The world has crumbled. A catastrophe called the Void has swallowed the land of Arsilutus, leaving only the damned and the desperate to scavenge among the ruins. As the First Guardian, you are tasked with an almost absurd objective: gather the shattered pieces of the Great Relic and pull civilization back from oblivion. It is a premise that borrows liberally from the Soulslike playbook, but The Relic: First Guardian seems untroubled by that fact, choosing instead to lean into what makes it distinct.
A hands-on preview revealed a game obsessed with the small stories hiding in its cursed landscape. After crashing through the door of a burning cottage early in the demo, you find a woman dying from wounds sustained in an attack. Around her body, glowing relics and notes lie scattered, piecing together a fragment of tragedy. A family denied entry to raiders. A home set to flame. The moment passes quickly, but it lingers. This storytelling approach repeats across Arsilutus. A town decimated by a father's vengeance. Refugees who delayed their escape one too many times. A knight who abandoned his post, now haunted by specters of his own shame. These narratives arrive not through lengthy cutscenes but as voiced snippets, almost like an interactive audiobook of brief, poignant snapshots. Many draw inspiration from Asian folklore, lending the world a texture that feels less like generic Dark Souls fan fiction and more like something with its own mythology to explore.
Combat itself operates on a philosophy rooted in Dark Souls fundamentals, emphasis on timing over reflexes. You carry a sword and shield, capable of attacking, blocking, parrying, and dodging in the traditional rhythm. Heavy attacks are absent, replaced by magic abilities tied to cooldowns rather than mana pools. Stamina exists but does not drain during attacks, fundamentally reshaping how you approach engagement. Animations lock you in place longer than modern games demand, creating deliberate windows of vulnerability and opportunity. It skews toward the clunky side, but the design intention is clear: combat rewards pattern recognition and patience, not twitch speed.
Bosses are where The Relic: First Guardian truly distinguishes itself. More than 70 await, each functioning as a combat puzzle with a distinct solution. Branko, the Bloodstained Shield, is a ferocious warrior whose overhead onslaught punishes blocking. Victory comes from parrying his attacks repeatedly, draining his stamina until his stance breaks and you can counterattack. Entom the Starved, by contrast, relies on unblockable charges and overhead drops, demanding evasion and quick chip damage rather than defensive parrying.
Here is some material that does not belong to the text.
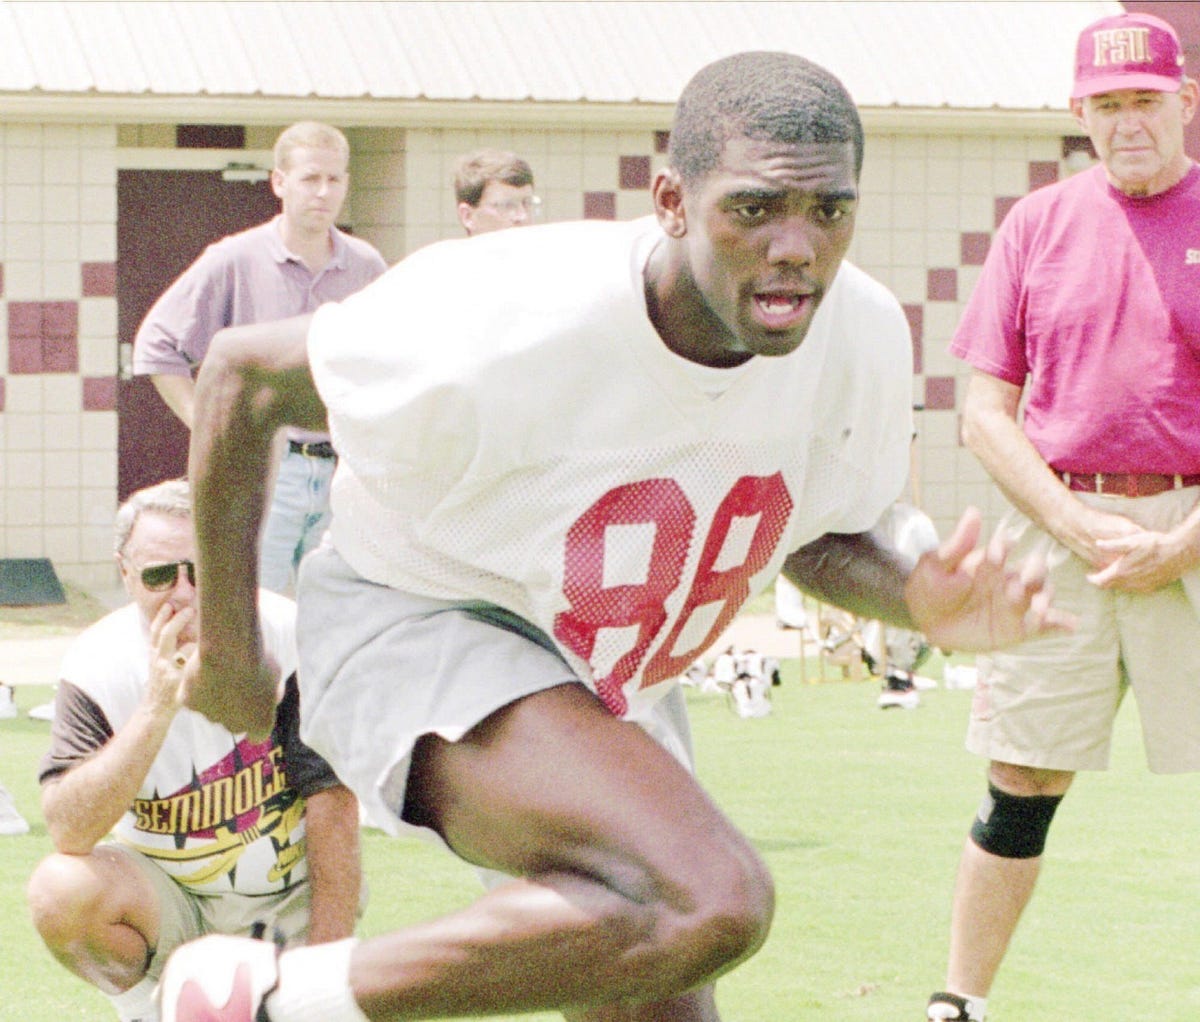 @On3sports Randy Moss not getting booted from Fsu with Peter Warrick coming in

Mog, a polished swordsman, presents yet another entirely different challenge. The variety extends beyond mechanics into visual design and narrative weight. Each boss carries a story. Mog fled his duty as a Brutal-slayer, a coward whose remorse manifests as spectral guardians. Entom was once a young man cursed with endless hunger after consuming a mysterious cure, forced to devour the villagers around him, including his own parents who hid his transformation.
Progression abandons traditional level-up systems and soul collection. Instead, growth hinges on equipment. Defeating bosses yields Relics, special items that grant stat boosts and passive effects. Early on you can activate only a few, but capacity expands as you push forward. Armor provides defense and secondary bonuses like stamina or cooldown speed. Weapons, however, follow a different path. Each is unique and can be upgraded through an upgrade tree powered by Ancient Relic Energy found while exploring. These unlock character buffs and new combat moves. The Focus strike, for instance, launches you skyward with an uppercut, followed by a diving cleave. The blacksmith allows further refinement in exchange for coins and materials, solidifying your chosen loadout as you progress.
The world itself opens as a semi-open map, tighter and more confined than a full open world, bounded by high cliffs and featuring a loose sense of forward progression with periodic branches. Yellow rune-etched stones called Tibelle's Blessing serve as checkpoints and safe havens, restoring health and refilling healing items while functioning as respawn points and select fast-travel anchors. No glowing trail points you toward objectives. You follow faint roads and let curiosity guide you, discovering stories and enemies organically as you explore.
The Relic: First Guardian releases on July 31 for PC and PlayStation 5.
Author Emily Chen: "This is a Soulslike that understands its DNA and isn't afraid to slow things down, trusting that patience and pattern recognition make for more interesting combat than reaction speed alone."